Brodsky v. Match.com: Court Upholds Forum Selection Clause Contained in Click-Wrap Agreement

Digital media law update: A judge in the Southern District of New York has upheld a clause contained in a click-wrap user agreement that required any suit regarding use of the Match.com site to be brought in north Texas. The opinion actually commended Match.com for including this forum selection clause in its User Agreement. It noted that Match.com's headquarters are in Dallas, Texas and that failure to include such a clause in its User Agreements would have subjected Match to suit in all 50 states.

The case is Brodsky v.
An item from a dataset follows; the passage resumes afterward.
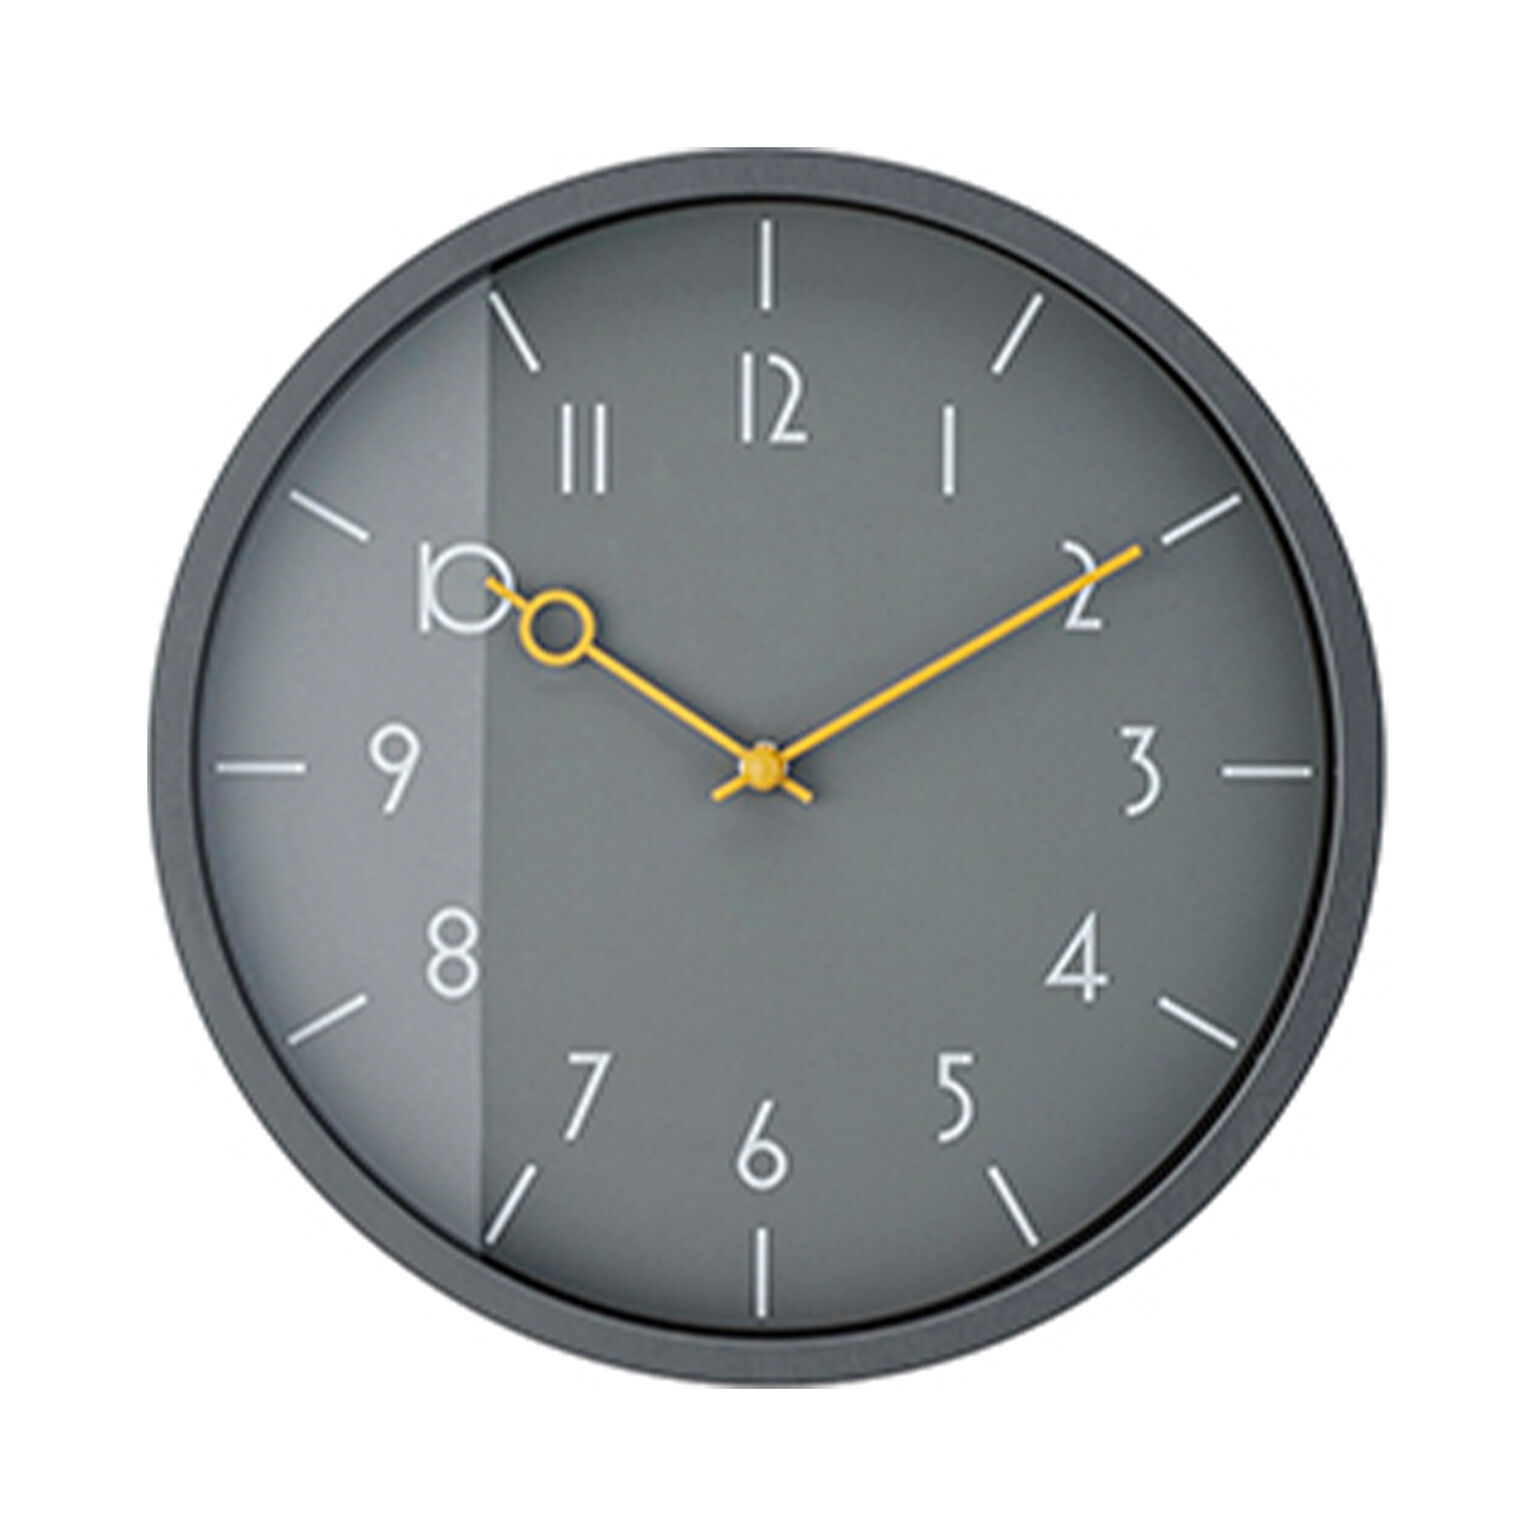 壁掛け時計 時計 おしゃれ シンプル スイープムーブメント Veteli ヴェテリ かわいい ウォールクロック 北欧 ミッドセンチュリー ダイニング リビング

Match.com LLC, S.D.N.Y., No. 1:09-cv-05328, a class action that alleged that subscribers to Match.com allegedly suffered harm from a misleading distinction between users and subscribers and from problems with email communications between these two groups. The complaint alleged causes of action under RICO, New York's deceptive trade practices and false advertising laws, and common law, for breach of contract and fraud. The plaintiffs included people from around the country, including persons from New York, California, Connecticut, Michigan and Florida.

Prior to completing the registration process, each of the class members was required to check a box on the website which stated "I agree to the Match.com terms of use." This statement was hyperlinked to an 11-page User Agreement. The first paragraph of the User Agreement stated, "If you object to anything in this Agreement or the Match.com Privacy Policy, do not use the Website or the Service." The User Agreement also contained a choice of law clause in favor of Texas law and a forum selection clause in favor of jurisdiction in Dallas or Collin County -- adjacent counties in north Texas.

On Match.com's motion, Judge Naomi Buchwald ordered that the case be transferred to the Northern District of Texas.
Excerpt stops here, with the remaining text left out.